Keywords: 3D modeling, salt intrusions, semi-enclosed seas, estuarine circulation, Maracaibo, stratification

A 3D hydrodynamic and eutrophication model has been set-up for the Maracaibo system to analyze the present conditions of the system and to perform scenario assessments of the effects of potential future changes to the system. The model tool is part of an integrated study on environmental remediation options for the Lake (Findikakis et al., 2001). At present Lake Maracaibo suffers from anoxic conditions in the hypolimnion and high productivity in the surface waters. Furthermore, point source discharges, especially in the Strait, contaminate the water with BOD and coliforms.

The environmental quality of the Lake depends on a large number of physical, chemical, and biological processes in Lake Maracaibo itself and the adjacent bodies of water, i.e. Maracaibo Strait, Tablazo Bay and the Gulf of Venezuela (Herman de Bautista, 1997). To understand the present conditions and to predict changes resulting from specific future actions it is necessary to consider the Lake-Strait-Bay-Gulf system in its entirety. The major challenge in modeling this system is finding the proper way to deal with the broad range of spatial and temporal scales of its most significant processes. Due to the different time and space scales of the processes affecting the environmental quality in the Lake and the computational requirements for their proper simulation, a combination of linked models was used to meet the objectives of the study.

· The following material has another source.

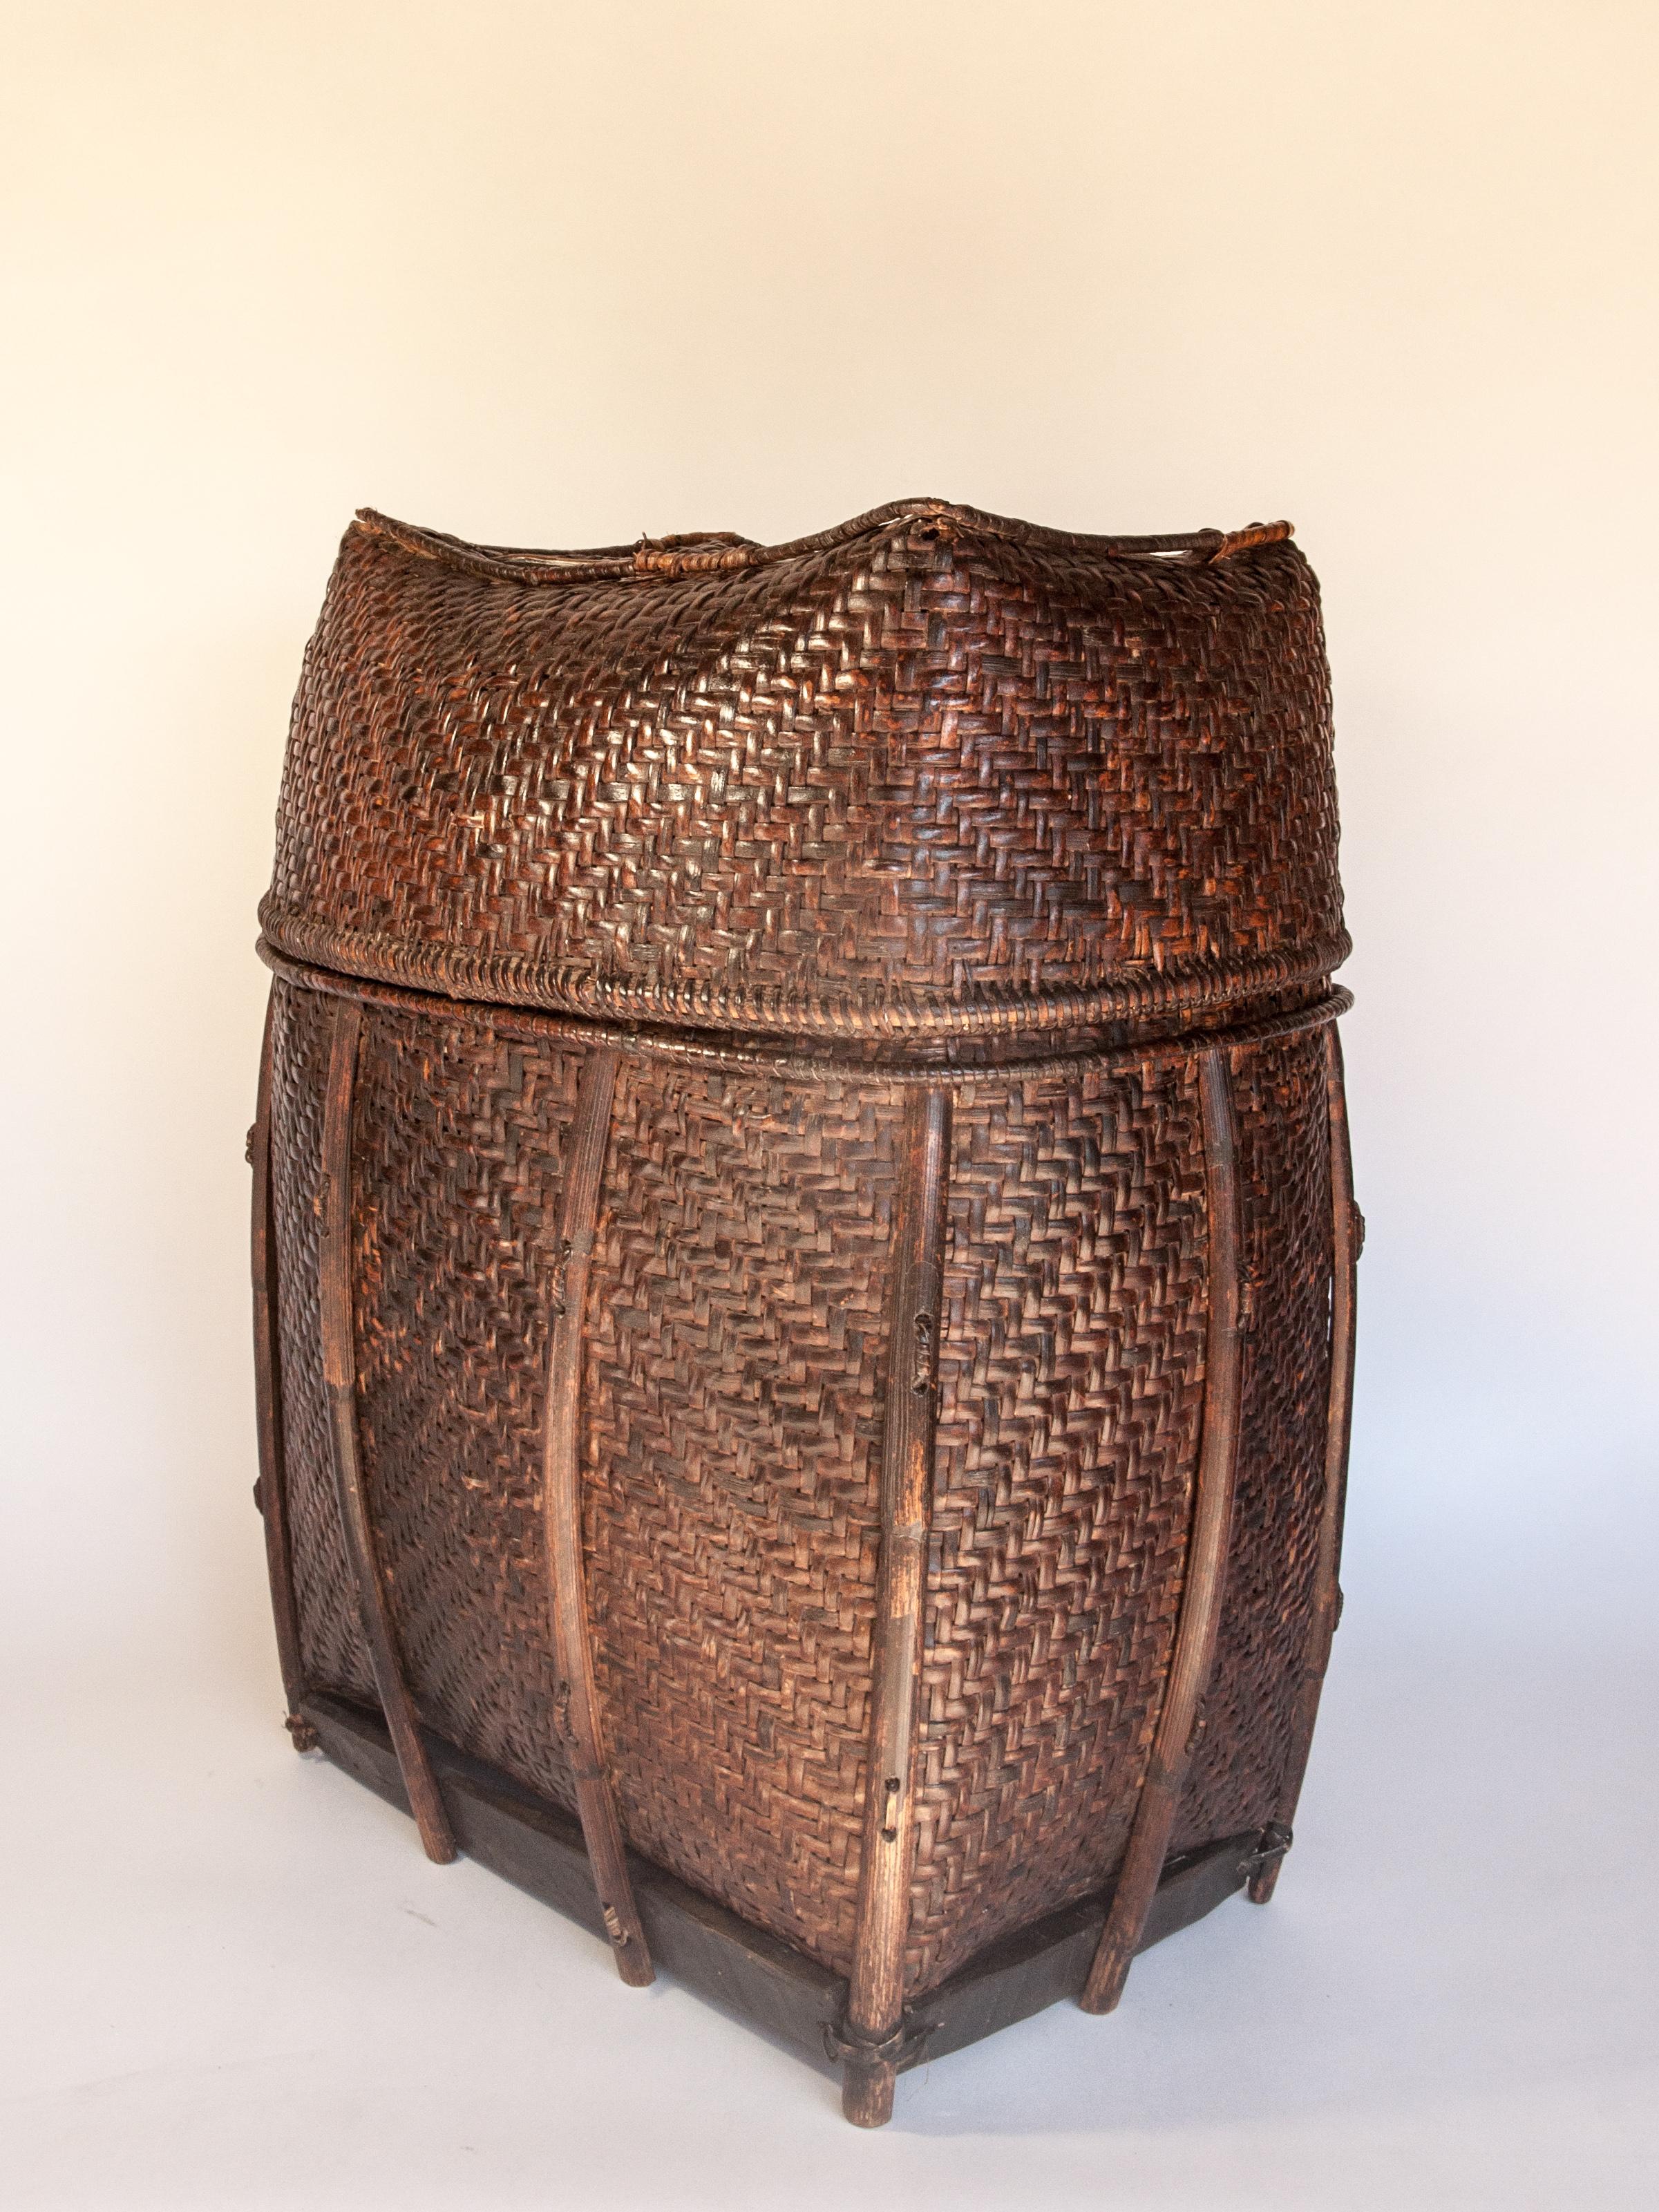 Tribal Vintage Bamboo Storage Basket from the Akha of North Thailand, Mid-20th Century

This paper deals with the results of the hydrodynamic modeling, which also act as a basis for the eutrophication modeling (Hansen et al., 2000b).

The objective of the hydrodynamic modeling was to establish a 3D-modeling tool to improve the understanding the governing hydrodynamic features of the system and to act as a basis for the subsequent eutrophication modeling. The steps taken to achieve this goal included:

• Setting up a hydrodynamic Regional Model and two reduced model set-ups, each of which covering only a part of the Regional Model domain.
• Calibrating the Regional Model against field data from 1997-1998, especially a dedicated field monitoring program in November 1998 (Horn et al., 2001a).
• Validating the model against monitoring data from 1999, especially a dedicated field program in March-April 1999 (Horn et al., 2001a).
• Running the Regional Model for a 12-month period December 1997 – November 1998 and a Lake Subset Model for a constructed 10-year period with changing hydrologic input to the Lake.

Mike 3 is a software package developed at DHI for unsteady 3D Newtonian fluids (Rasmussen et al, 1990). The model applies a Cartesian grid representation of the modeling domain. The modeling system includes a basic full 3D hydrodynamic (HD) module, a turbulence module and add-on modules for, for example, eutrophication assessments. The turbulence module offers different approaches, one of which, the mixed Smagorinsky (in the horizontal) and k-ε (in the vertical) closure scheme, was used for this study.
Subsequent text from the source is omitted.